### Given information

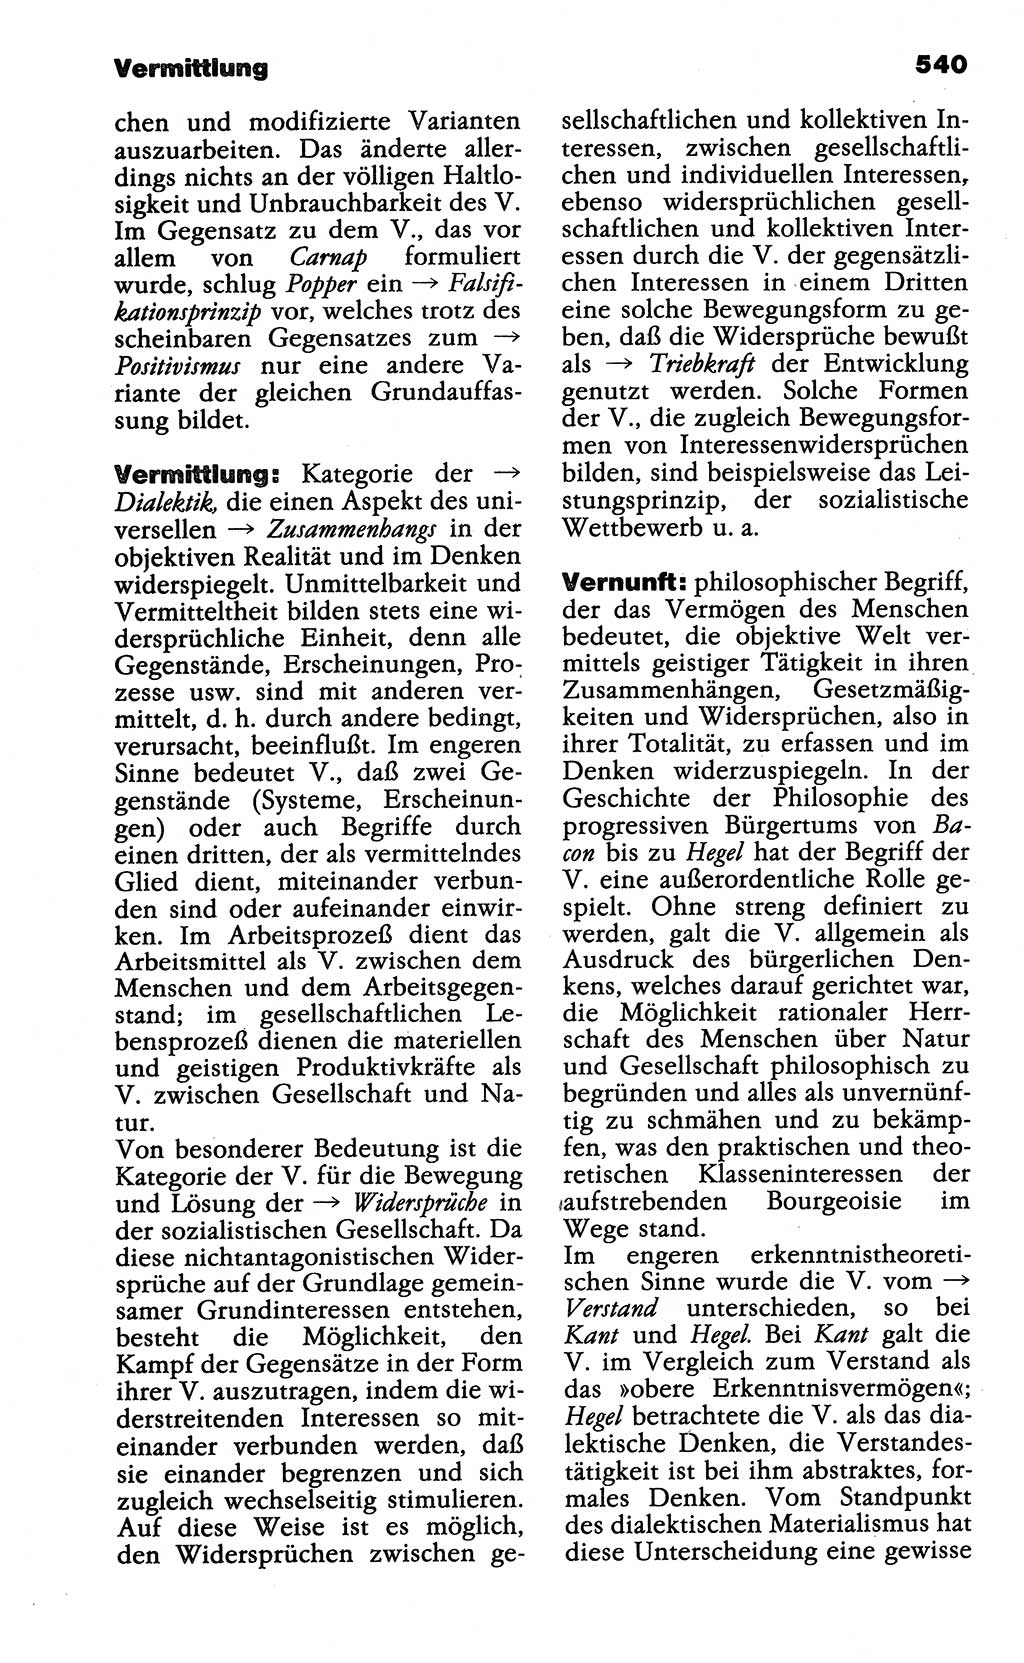 Wörterbuch der marxistisch-leninistischen Philosophie [Deutsche Demokratische Republik (DDR)] 1985, Seite 540 (Wb. ML Phil. DDR 1985, S. 540)
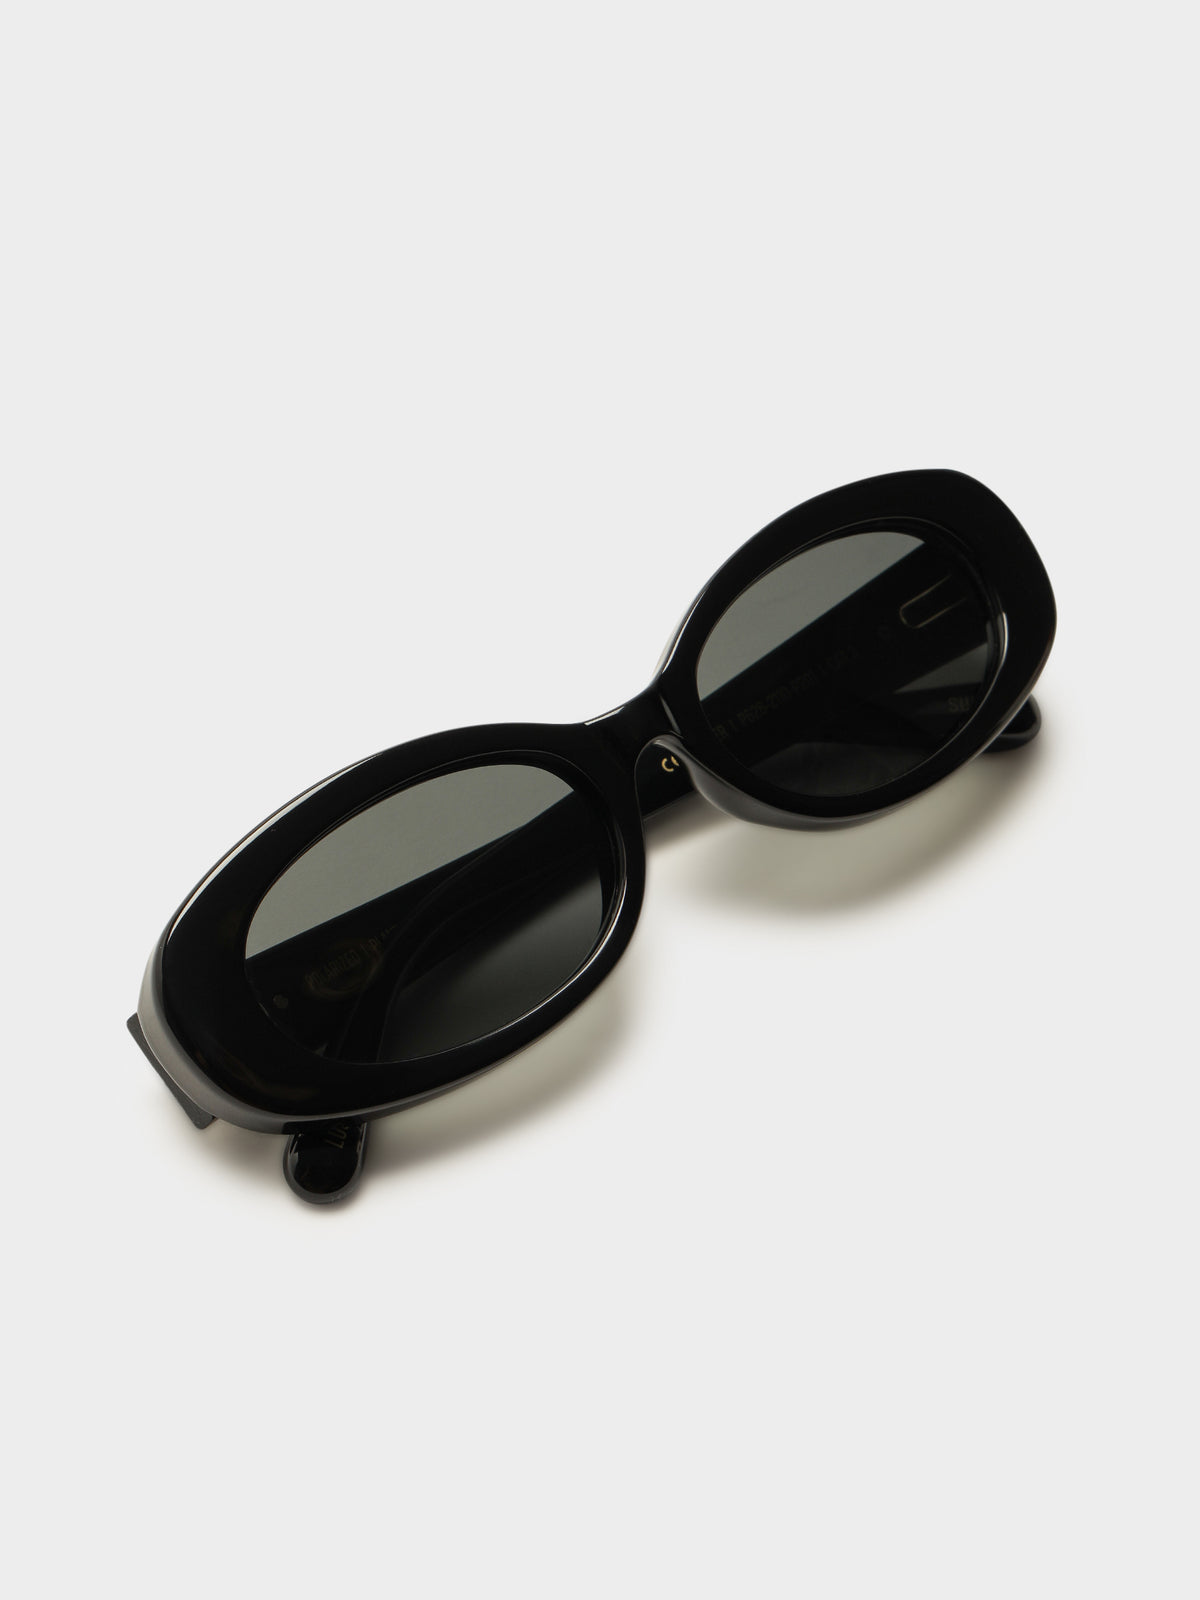 Berkley Sunglasses in Black
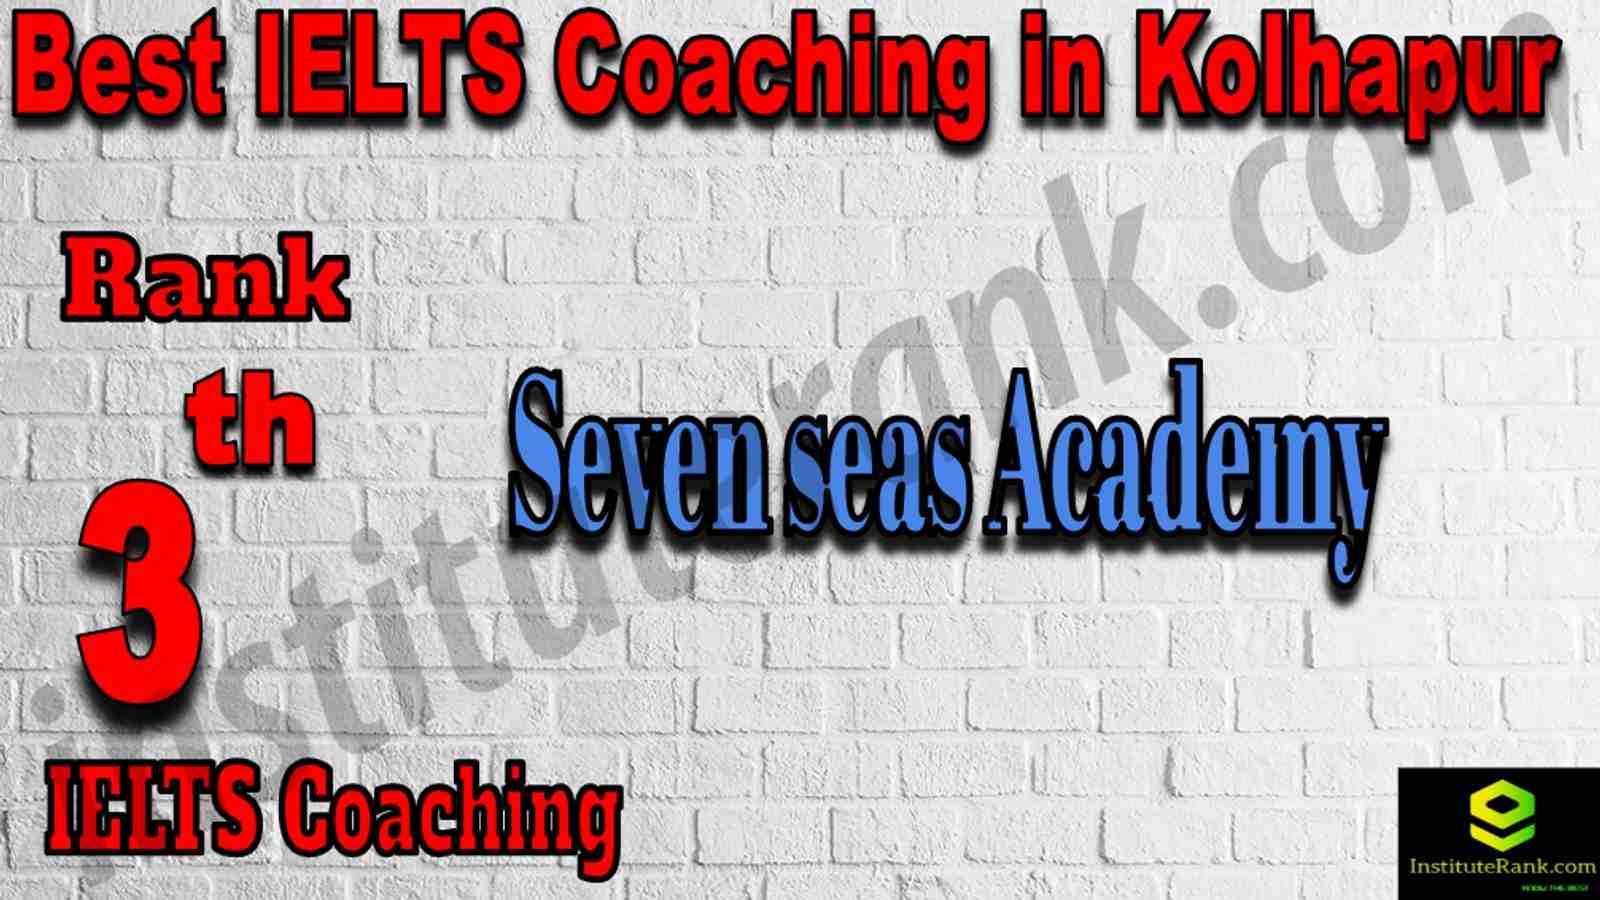 3rd Best IELTS Coaching in Kolhapur

######

- [Try it]: The result should be the material above, unchanged and free of pictures; please print it.

- [Response]:
 Wörterbuch der marxistisch-leninistischen Philosophie [Deutsche Demokratische Republik (DDR)] 1985, Seite 540 (Wb. ML Phil. DDR 1985, S. 540)
 Berkley Sunglasses in Black
 3rd Best IELTS Coaching in Kolhapur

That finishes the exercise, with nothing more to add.